那手指头指著李建国的鼻子,指头都快戳到他脸上了。
“自从你到了这个四合院,大伙儿就没过过一天好日子!”
“天天闹得鸡飞狗跳,你就是个搅屎棍!”
她气急败坏地骂著,又恨铁不成钢地指著其他人。
“你们一个个的,连脑子都不用!”
“就这么被个小年轻牵著鼻子走?”
“他才来多久?一句话就让你们跟著他跑?”
看大伙儿被自己骂得不敢吭声,聋老太太又嘆了口气,语气变得语重心长。
那语气变得太快,快得让人不適应。
“一方有难,八方支援。

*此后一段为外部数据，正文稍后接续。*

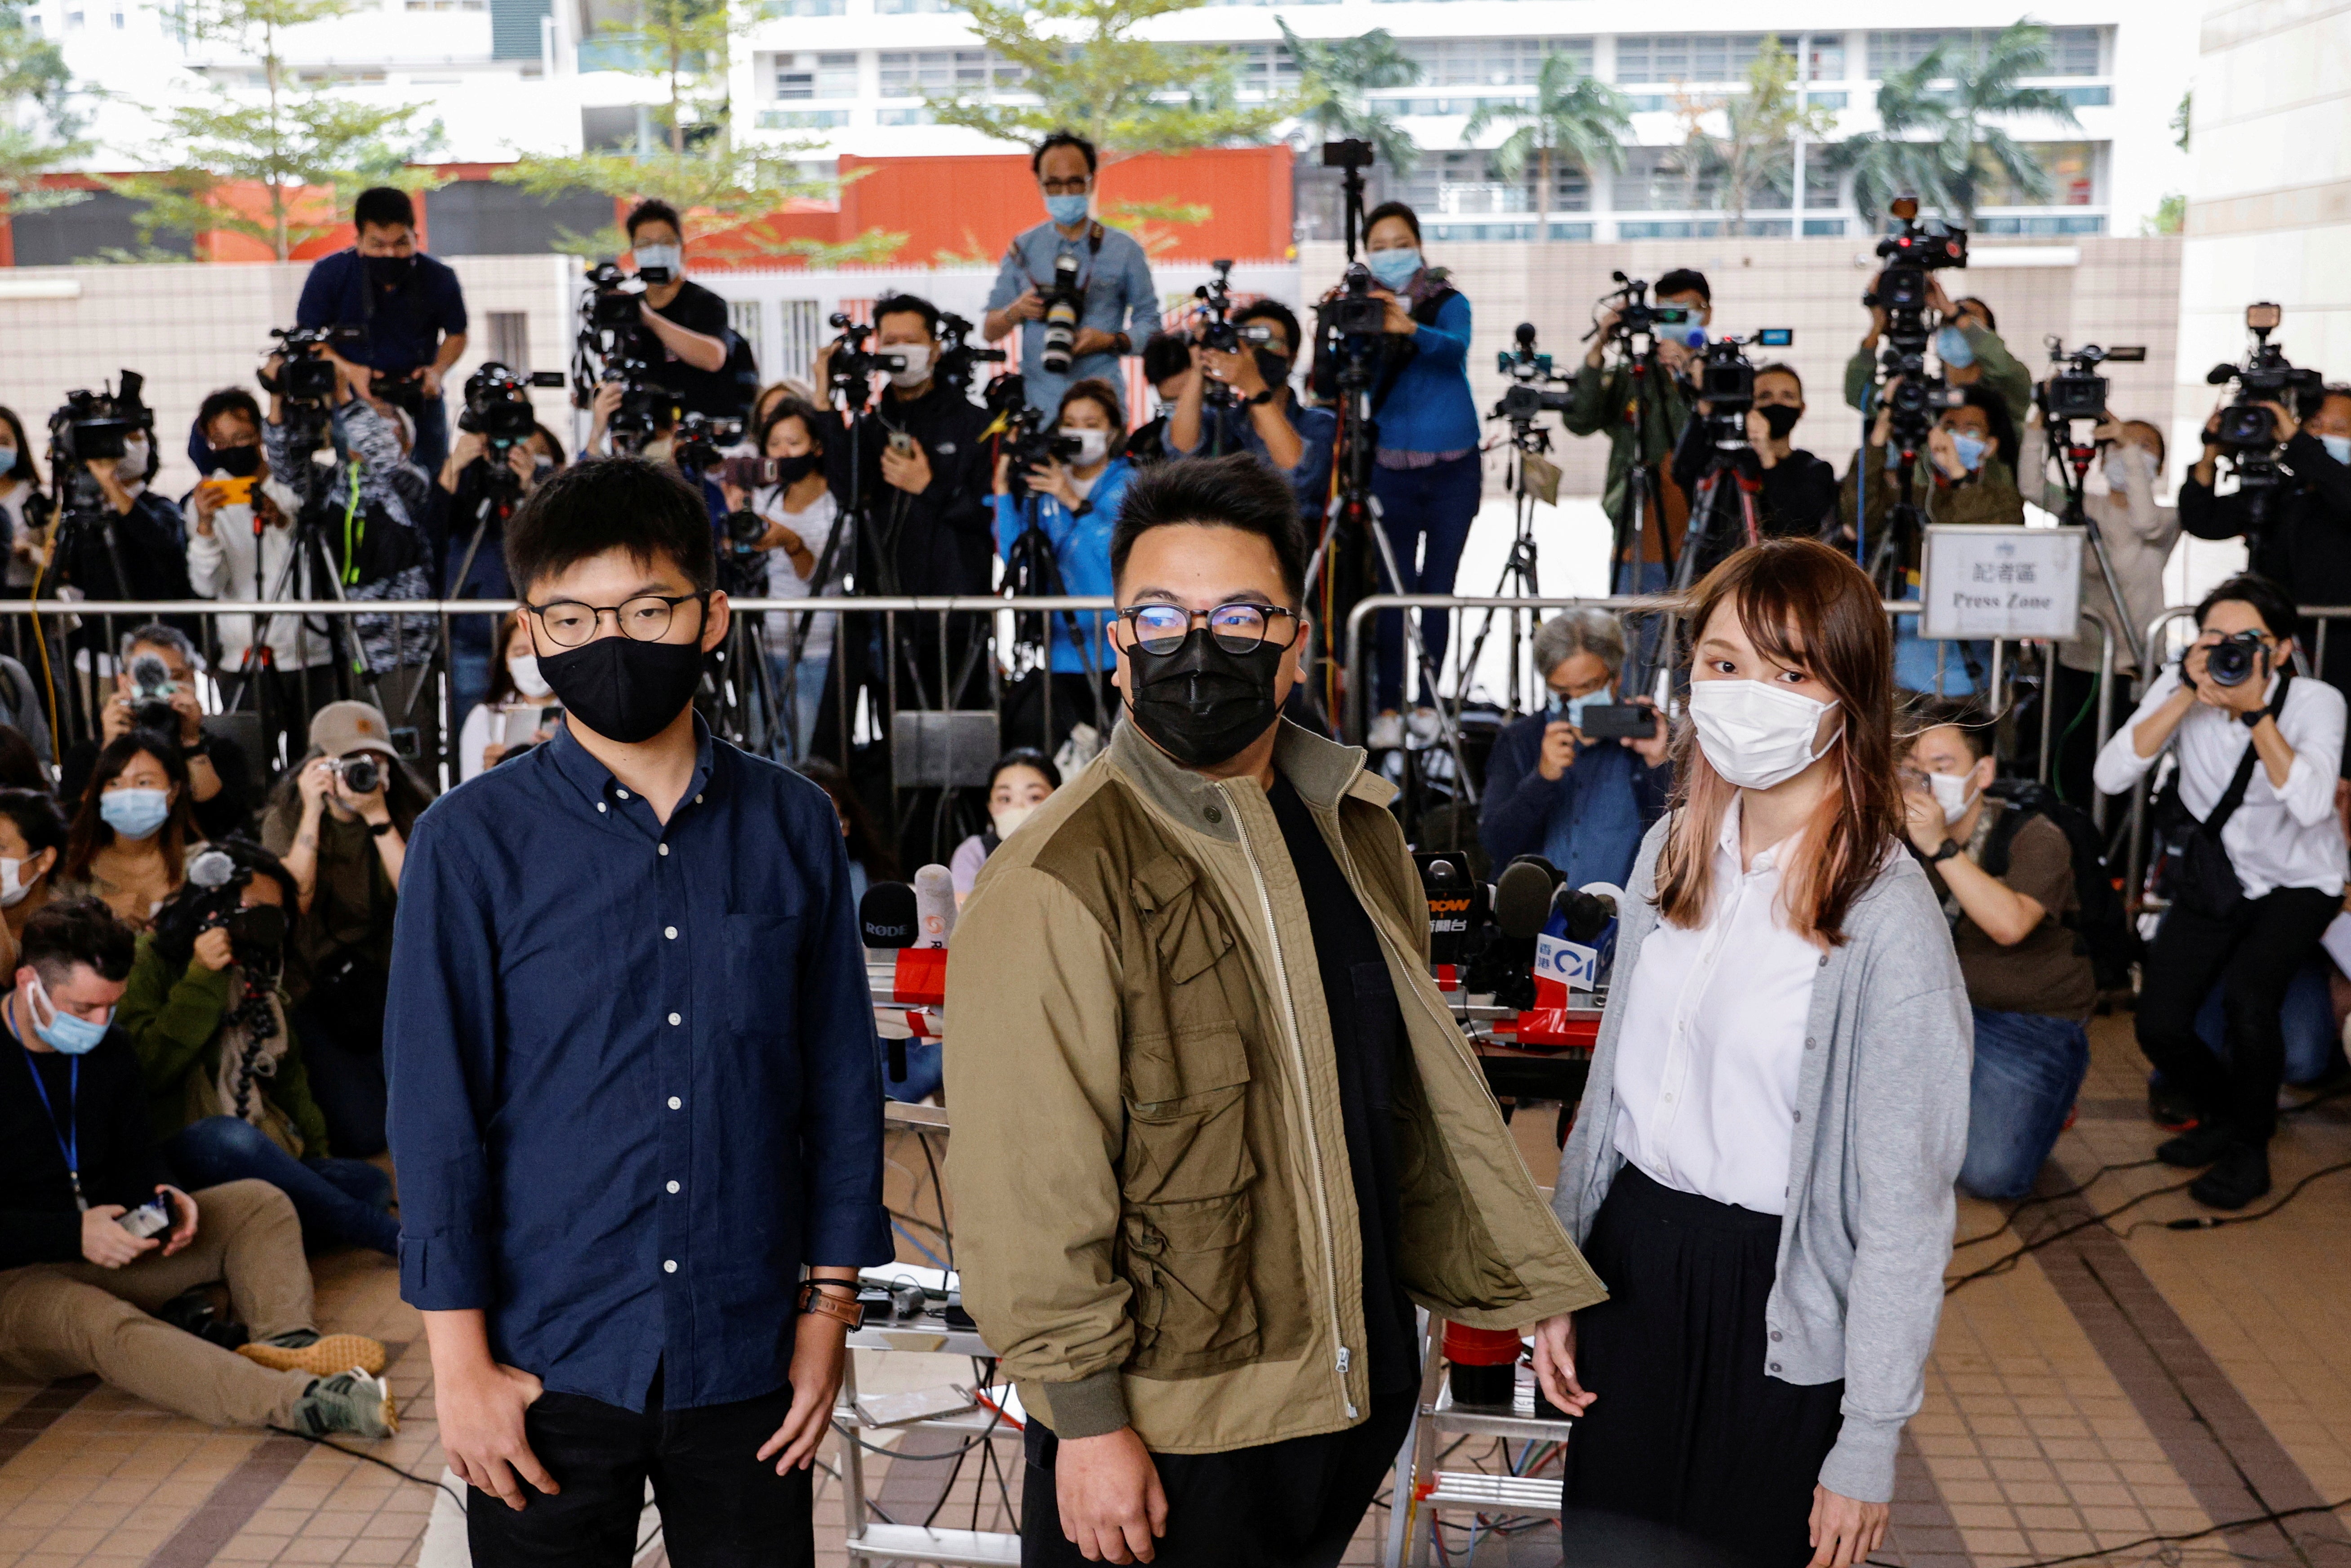 Pro-democracy activists Ivan Lam, Joshua Wong and Agnes Chow are some of those who have faced up against Hong Kong authorities

”
“远亲不如近邻。”
“这是咱们四合院的传统。”
“不管怎么说,贾家是咱们的一份子,出了这么大的事,你们就不能有点同理心吗?”
“噗——”
李建国实在没忍住,笑出了声。
许大茂离得最近,听得最清楚,下意识问了一句。
“李主任,您笑什么?”
他声音有点大,在只有聋老太太说话、全院安静的环境里,格外突兀。
一下子把所有人的目光都引了过来。
“长辈说话,你在那儿笑什么?”
聋老太太皱起眉,不高兴地看著李建国。
那眉头皱成一团,褶子堆成了山。
“一点规矩都没有。”
“我只是在想,你怎么永远都是这一套?”
李建国嘲讽地看著她。
“一点新意都没有。”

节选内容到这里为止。